Na mensagem por rádio semanal do partido, o senador pelo Missouri Kit Bond acusou o presidente de "colocar o valor simbólico acima da segurança".

"O presidente Obama não têm nenhum plano sobre o que fazer com estes assassinos", afirmou Bond, em referência aos 241 detidos que permanecem na base naval dos Estados Unidos em Cuba.

O Governo estuda atualmente para onde levá-los, depois que Obama se comprometeu, em janeiro, a fechar a prisão no prazo de um ano.

Os Estados Unidos pediram a seus aliados europeus que recebam alguns prisioneiros que não consideram perigosos, mas que não podem ser enviados a seus países de origem, porque poderiam ser torturados.

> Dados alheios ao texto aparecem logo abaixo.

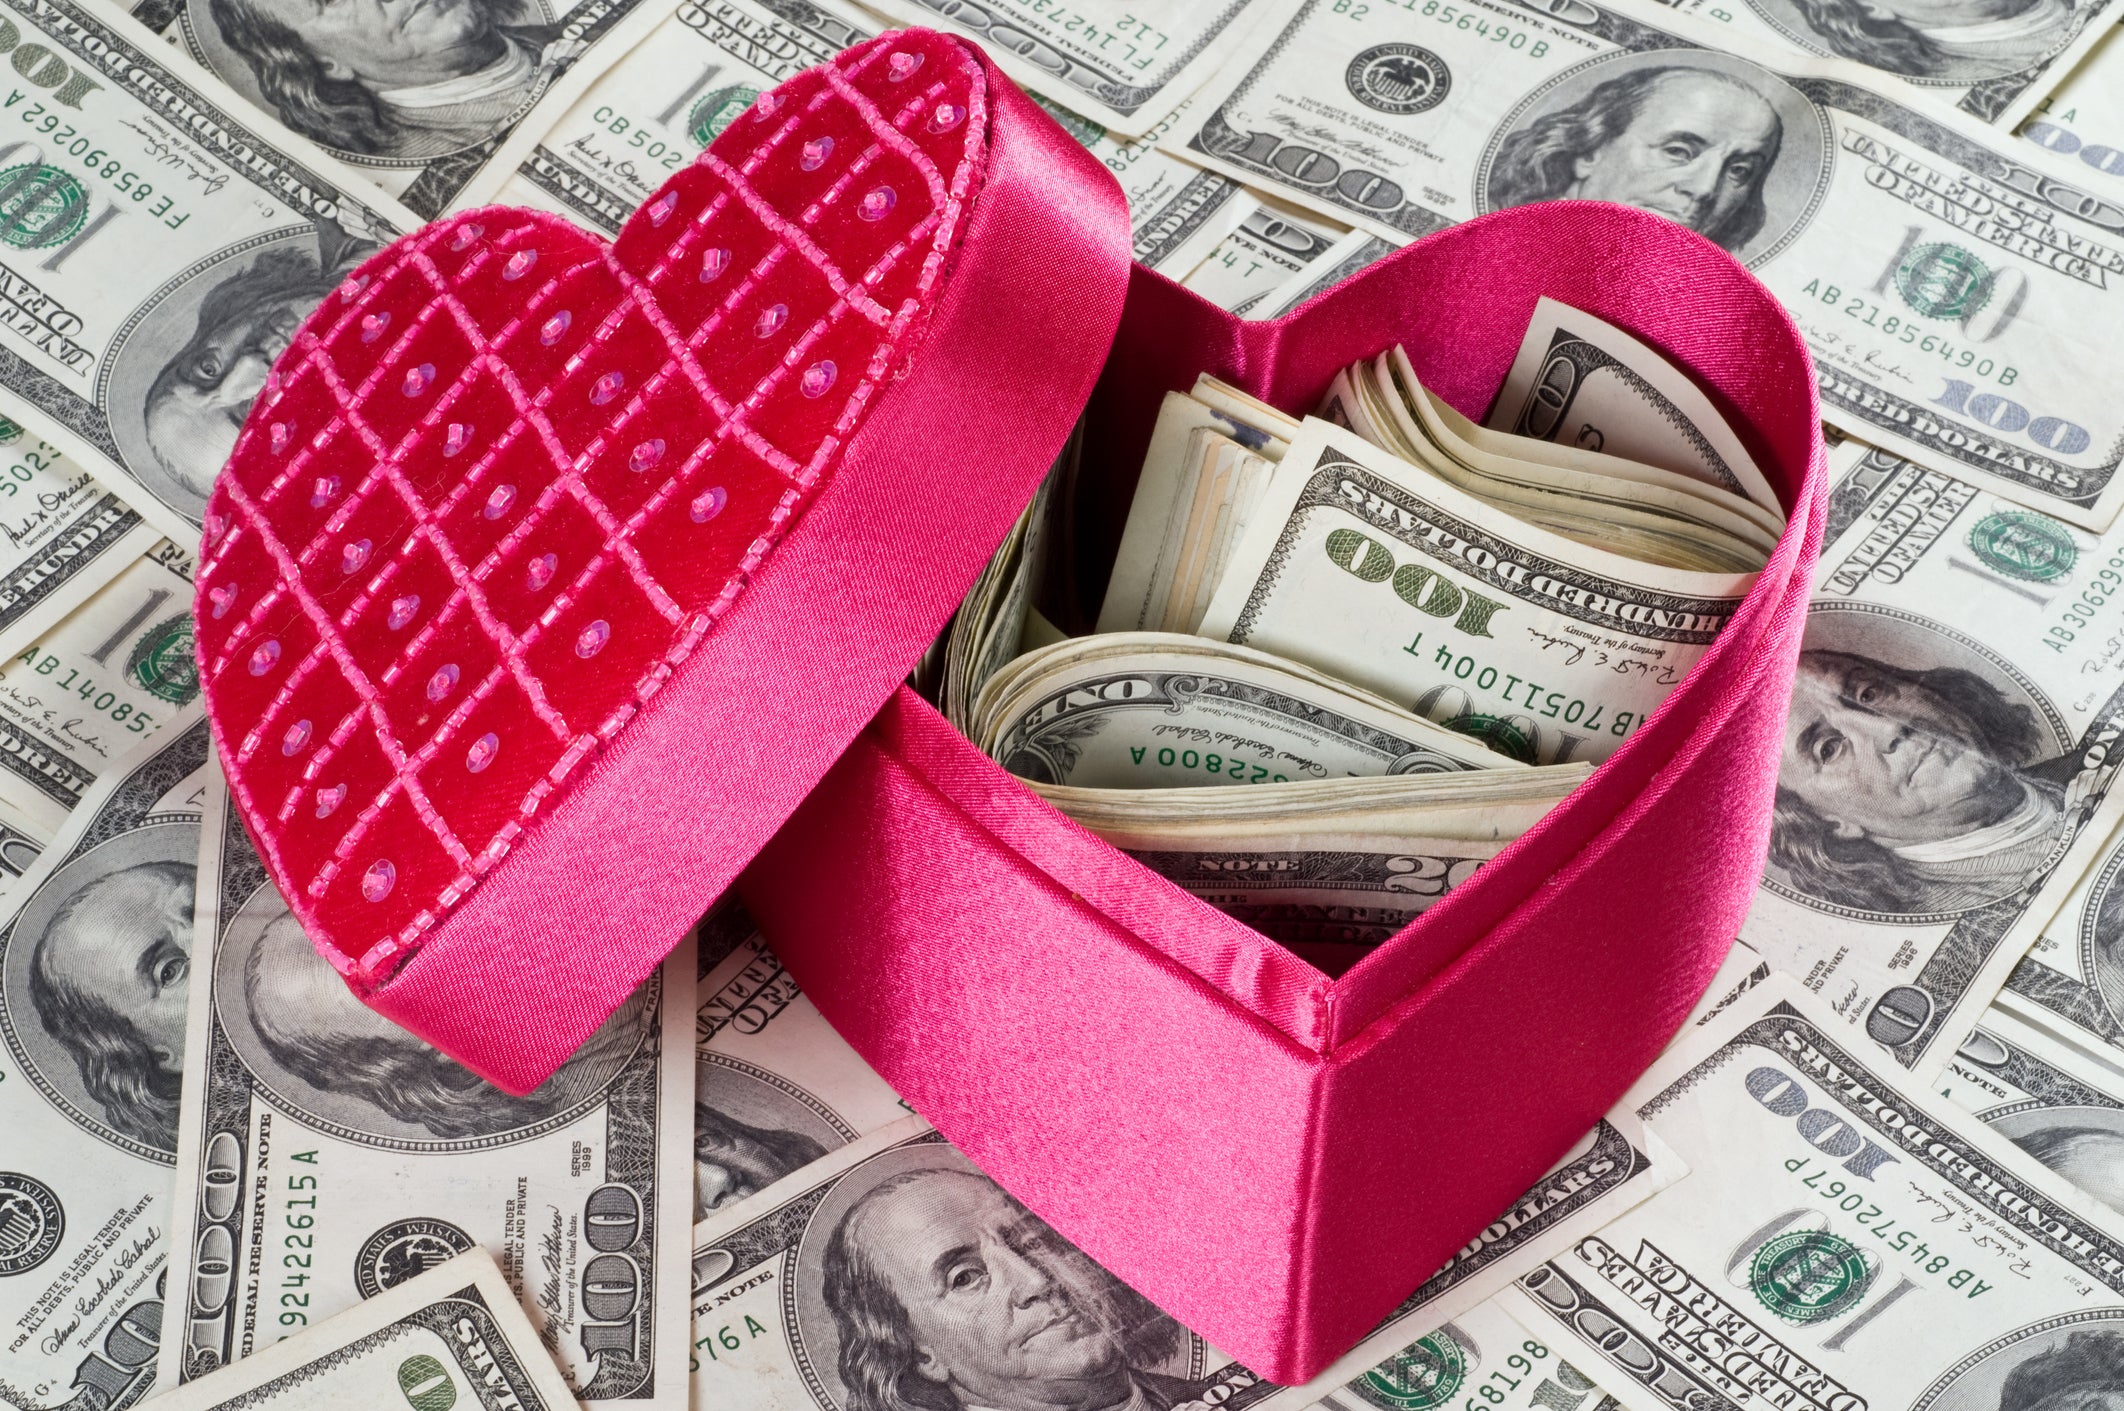 New Bae? This Is How Much You Should Spend On Their Valentine's Day Gift

Além disso, abriu a possibilidade de libertar alguns em território americano, enquanto julgaria os outros.

O Partido Republicano, no entanto, rejeita que qualquer deles pise nos EUA.

"Os americanos não querem esses terroristas em nossos bairros", disse Bond.

O fechamento de Guantánamo "é uma aposta perigosa com nossa segurança aqui e a de nossas tropas no exterior", disse o senador.

Segundo publica hoje o jornal "The Washington Post", a Administração restabelecerá os tribunais antiterroristas de Guantánamo em território americano, provavelmente em alguma base militar, com novas normas, que darão mais direitos aos acusados.

O jornal afirma que o plano de manter os tribunais, mas com essas remodelações, reflete o temor do Governo de perder alguns casos se julgar os prisioneiros em cortes ordinárias.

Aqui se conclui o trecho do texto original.